After lunch on the first day, our collegiate group dispersed to multiple rooms to have a model UN debate or personal opinion discussion. I represented The United Kingdom of Great Britain and Northern Ireland in the historical committee to change history by debating the topics of the creation of Israel and the subject of Capitalism versus Communism. As I researched my topic, I was unaware that at the beginning of the committee, the delegates in the committee would vote on which time period we would discuss. I prepared for the debate to be during the time period of the 1920s because the British assumed control over the region according to a decision of the League of Nations and my stance was to create Israel. At the beginning of the debate, Kenta Okaneku, the Moderator of the debate, proposed we do an obligatory speakers list, meaning that I was not able to get a firm grasp of how the committee ran because I have only participated in a model UN mock conference during the fall of my freshman year. It was determined that each speaker would be given one minute to talk about their delegations opinion on the subject matter. I went up in front of the committee and gave a five second speech about my delegation’s opinion before giving up the rest of my time. After everyone went, we entered a moderated caucus to discuss the creation of Israel. Since I didn’t have much research on the opinion of the United Kingdom in 1948, I had to only use the knowledge I learned from past history classes. As the debate went on, I became more and more confident and raised my placard to speak more. I became allies with a few countries, but the opposition still had a majority. The debate is still continuing and the potential resolutions could go either way right now.

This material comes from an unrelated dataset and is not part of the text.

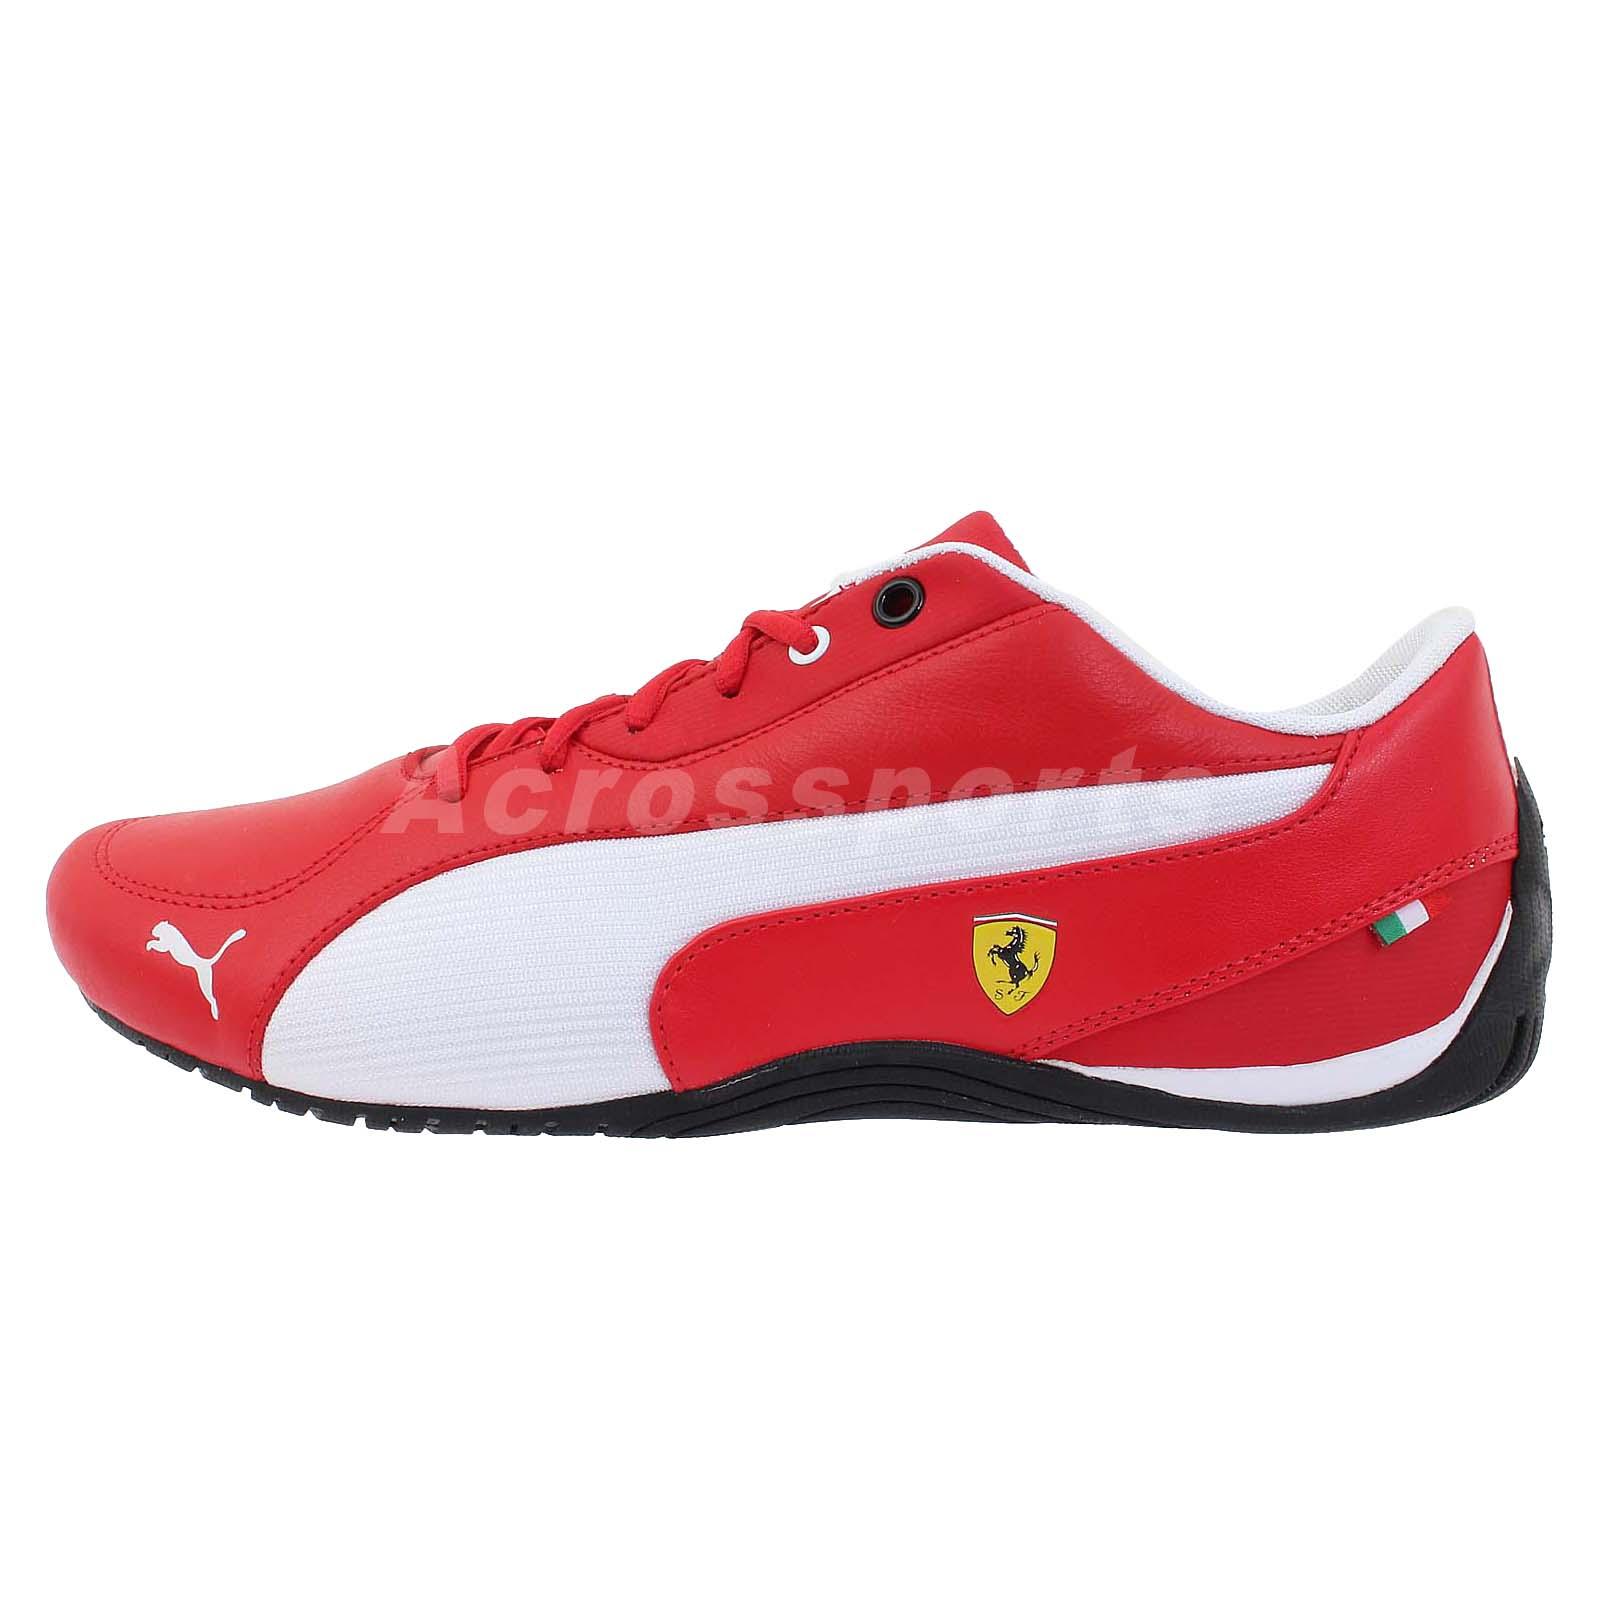 Puma Race Car Driving Shoes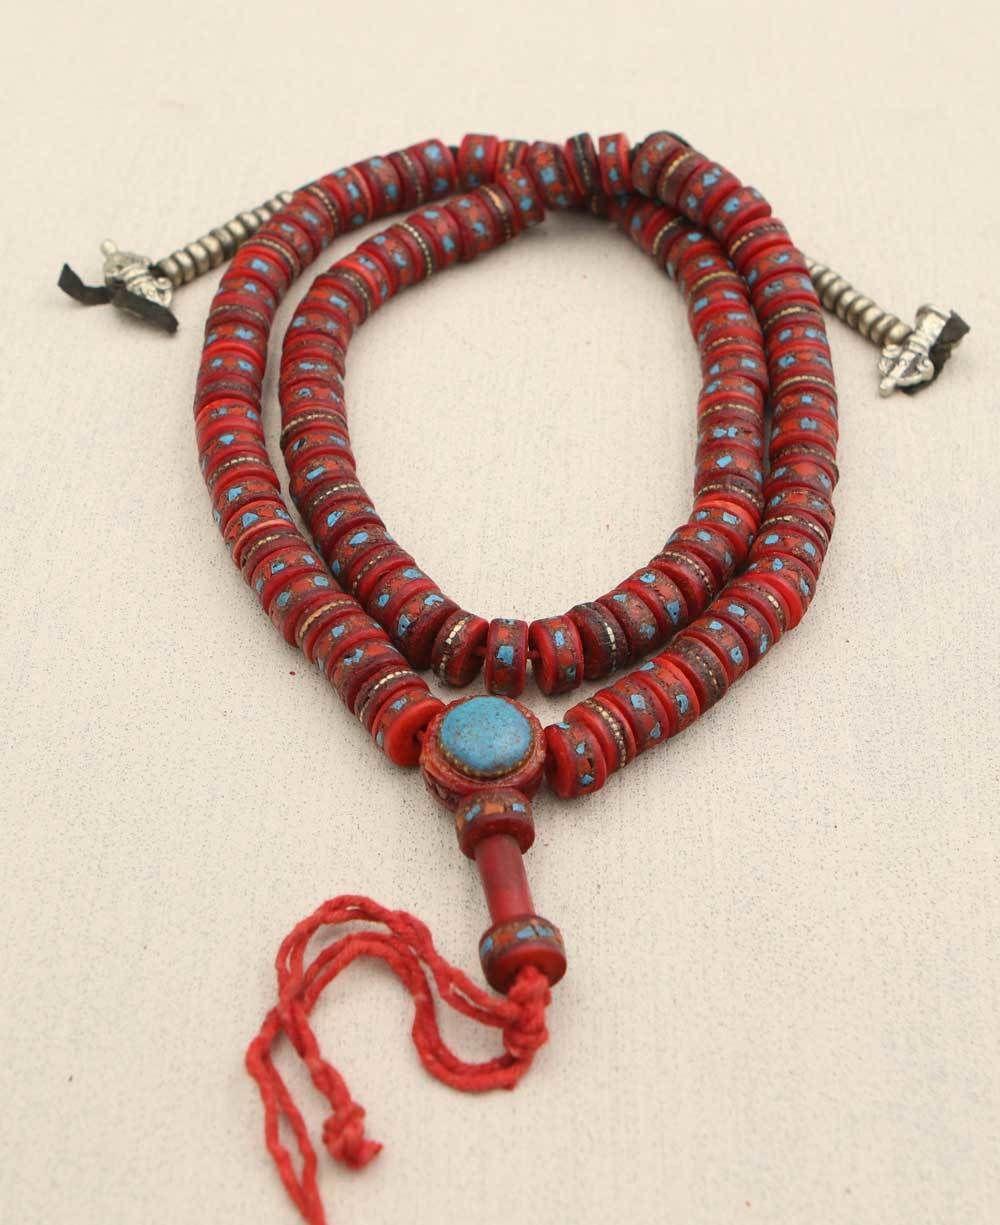 10 handmade Tibetan prayer beads nepal brass beads with turquoise coral inlay

After a long night of travels, we all made it to the Opening Ceremony at last. Although we did not get much sleep, the adrenaline kicked in and we were feeling the nerves mixed with excitement. Not knowing what to expect, we all filed into the seats of the ceremony eager to see what awaited us. The beautiful campus of Carol Baur surrounded us as we sat in the warm sun gazing at the breathtaking view of the city. As the ceremony began, we were delighted by the melodious tunes from the Mexican Military. We felt extremely welcomed by many important Mexican officials. Felipe Queipo, a United Nations Member, inspired us as he stated “the youth are not the future, they are the present.” After the ceremony, we were ready to begin in our committees discussing worldwide issues and brainstorming our own solutions together.